To that end, Schwarzenegger offers five principles against which the reorganization plans should be measured:
• Continued adherence to the Headwaters Forest Agreement and related environmental restrictions.
• Compliance with applicable state and federal rules for forest management.
• Management of affected lands for sustained timber yield and optimal watershed protection.
• Retention of local employment opportunities.
• Reduction in emissions of greenhouse gases.
Both Sen. Dianne Feinstein, who was intimately involved in negotiation of the Headwaters Forest Agreement, and Rep. Mike Thompson, D-St. Helena, have filed similar statements for the court's consideration. Thompson makes two additional arguments which are deserving of emphasis: that all Pacific Lumber Co. and Scotia Pacific Co. lands should remain in a single ownership, so as to facilitate compliance with the habitat conservation plan and to maximize habitat values that would be lost to fragmentation, and that use of additional public funds for conservation purposes should be limited or restricted.

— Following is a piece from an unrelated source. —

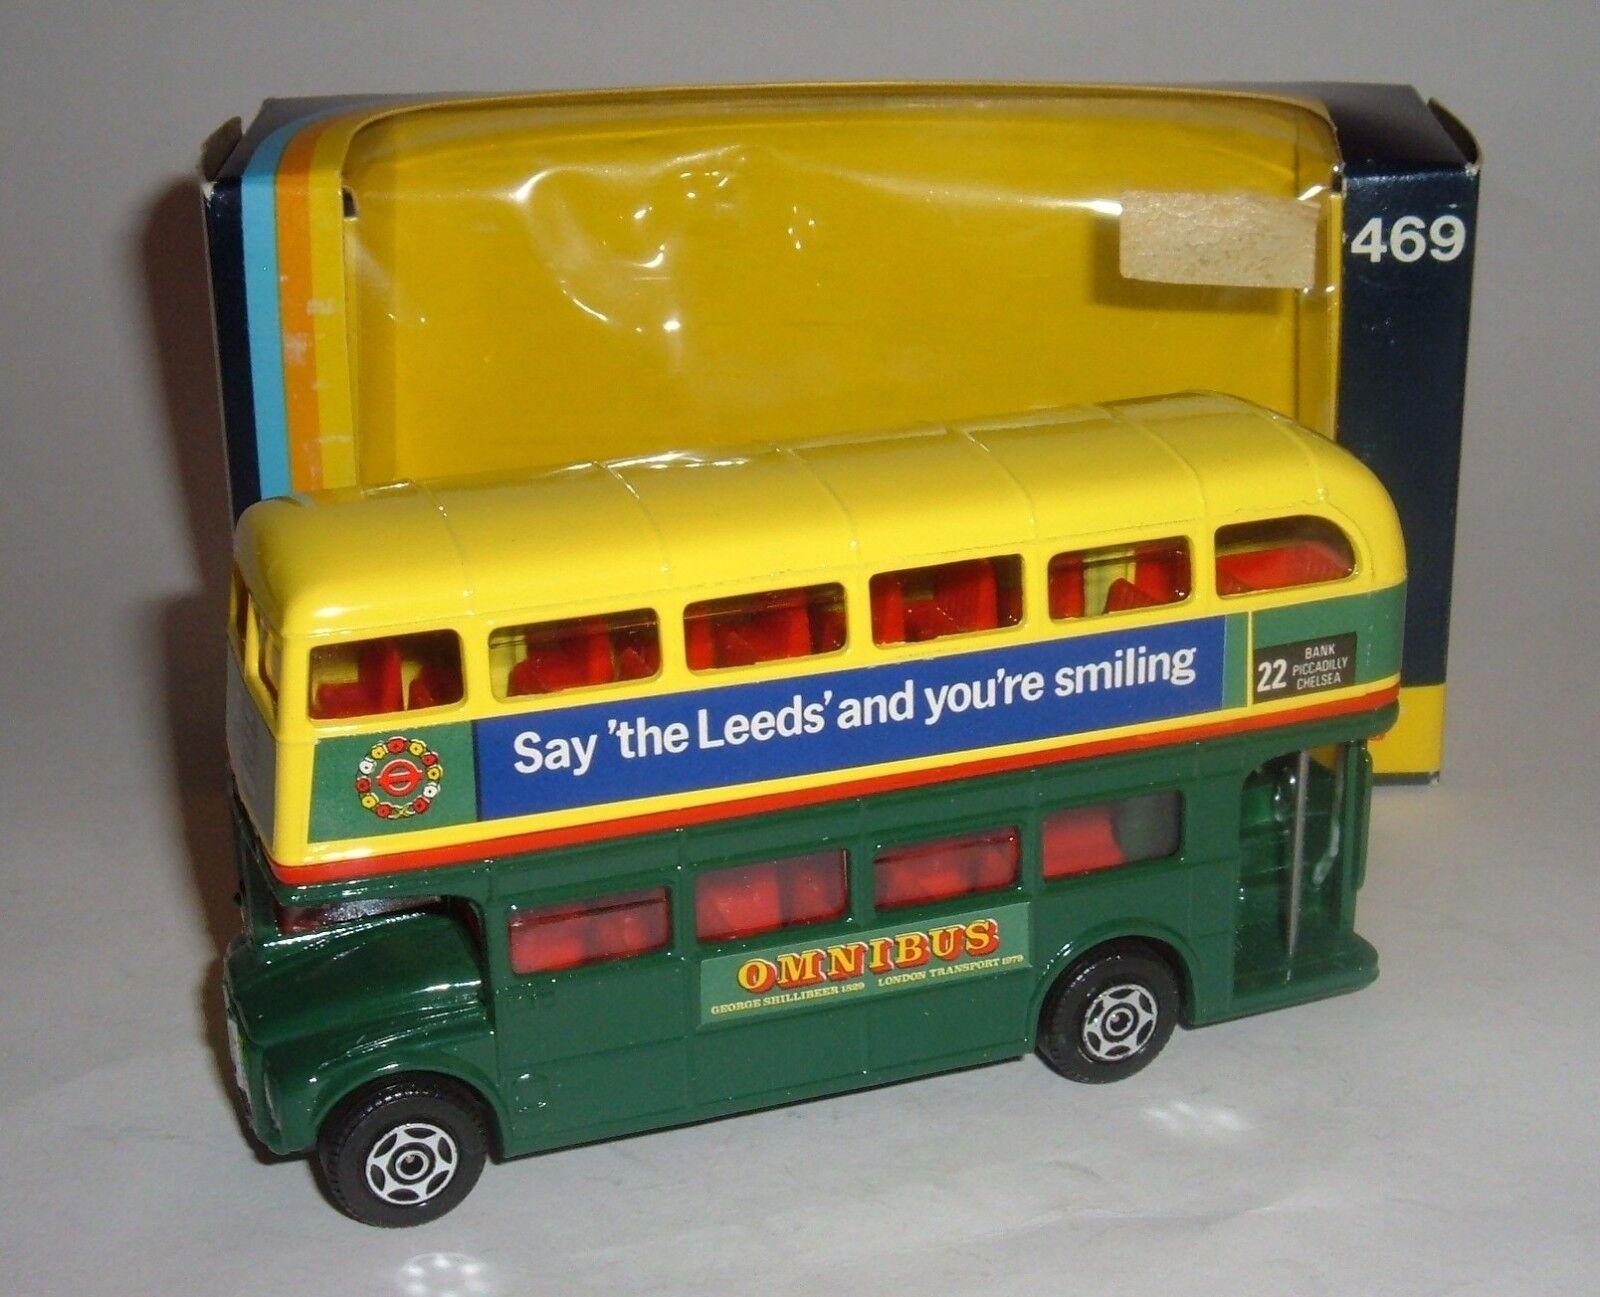 Corgi Toys No. 469, London Routemaster Bus - Leeds Building Society, - Superb.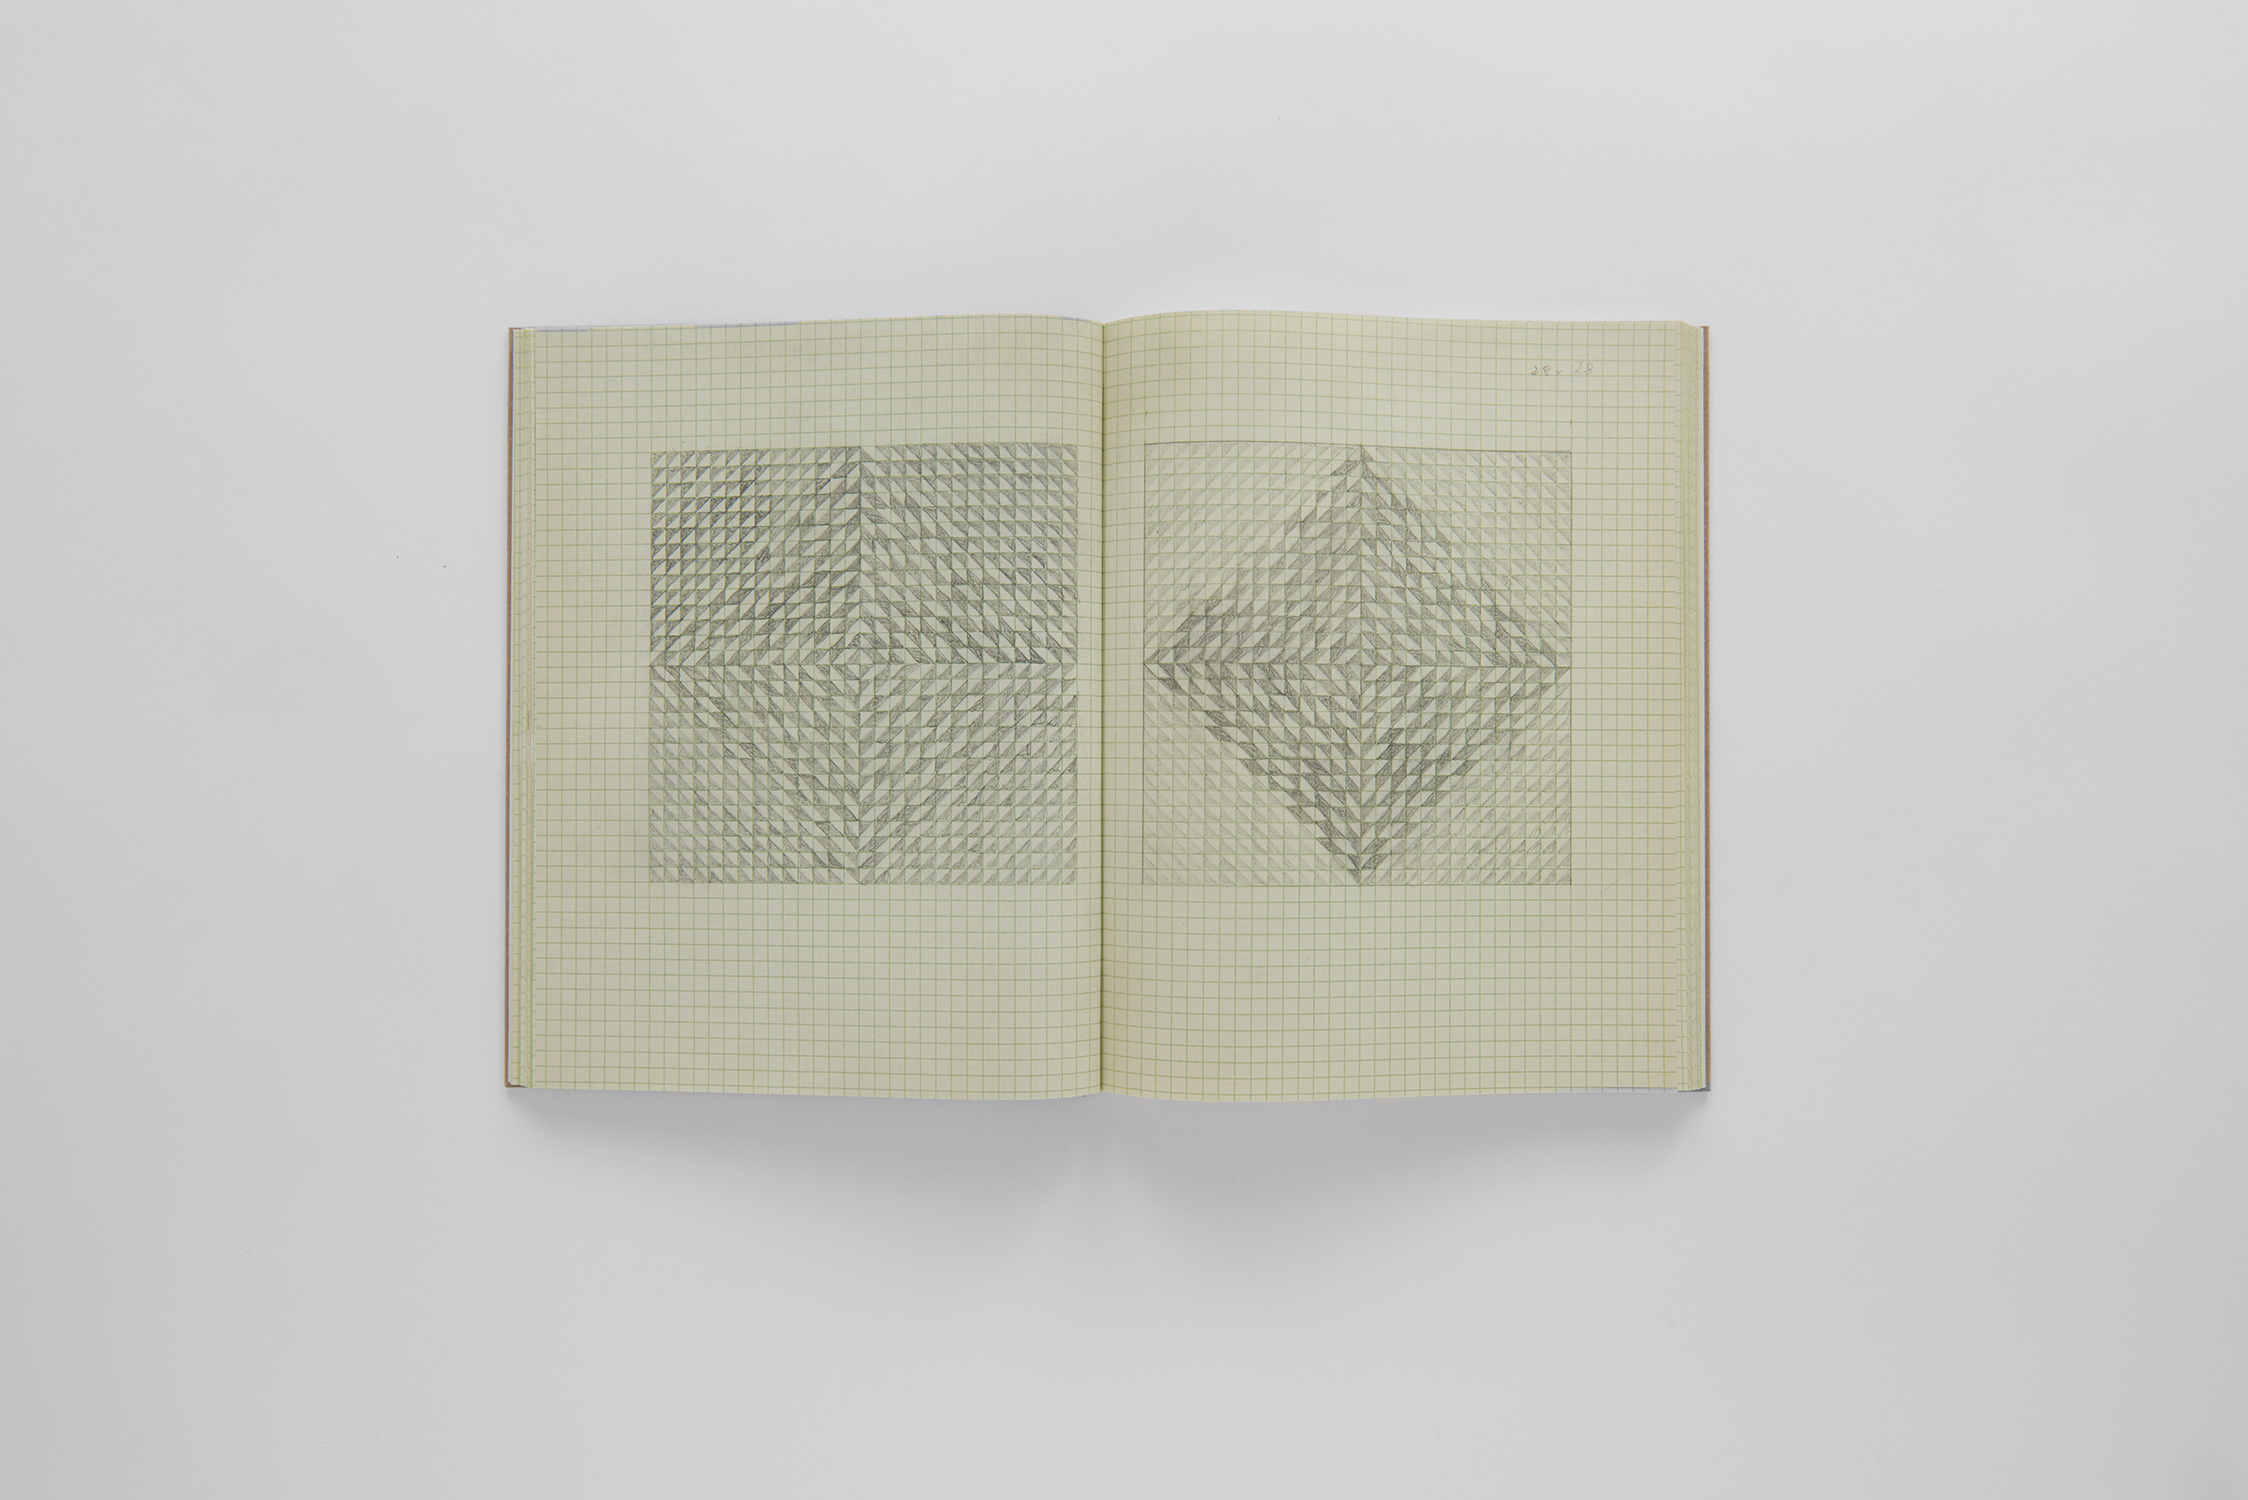 Anni Albers Notebooks, David Zwirner Books

The public has already paid handsomely for the environmental benefits it now derives from perpetual protection of the Headwaters Forest and the 50-year habitat conservation plan, he suggests. At a time of very constrained public resources, it would be difficult to justify an additional expenditure for minimal environmental benefit.
Two of the pending reorganization plans would appear to meet the governor's criteria: the Indenture Trustee (Creditors) Plan, and the Marathon/MRC Plan. The third plan, from Maxxam, contemplates sale and partial development of the marbled murrelet conservation areas to generate estimated revenue of $550 million. Although there may be disagreement whether the sale of these protected lands would yield so much revenue, even if permissible under the habitat conservation plan, there can be no question that fragmentation of these high-quality redwood groves would diminish their habitat value.
The bankruptcy court is called upon to weigh the same competing values which were before us in 1999: how best to produce permanent timber jobs while preserving the conservation values of the timberlands. The court must choose from among the reorganization options that one which best offers the prospect of a careful balance between environmental protection and economic viability, while respecting the creditors' claims. The long history of this controversy suggests that we haven't yet gotten it exactly right, but in the Indenture Trustee and the Marathon/MRC plans, the court has two qualified proposals to restart that effort.
In making yet another attempt, however, the court should follow the guidance provided in the preamble of the Headwaters agreement and the sound judgment of Gov. Schwarzenegger, Sen. Feinstein and Rep. Thompson.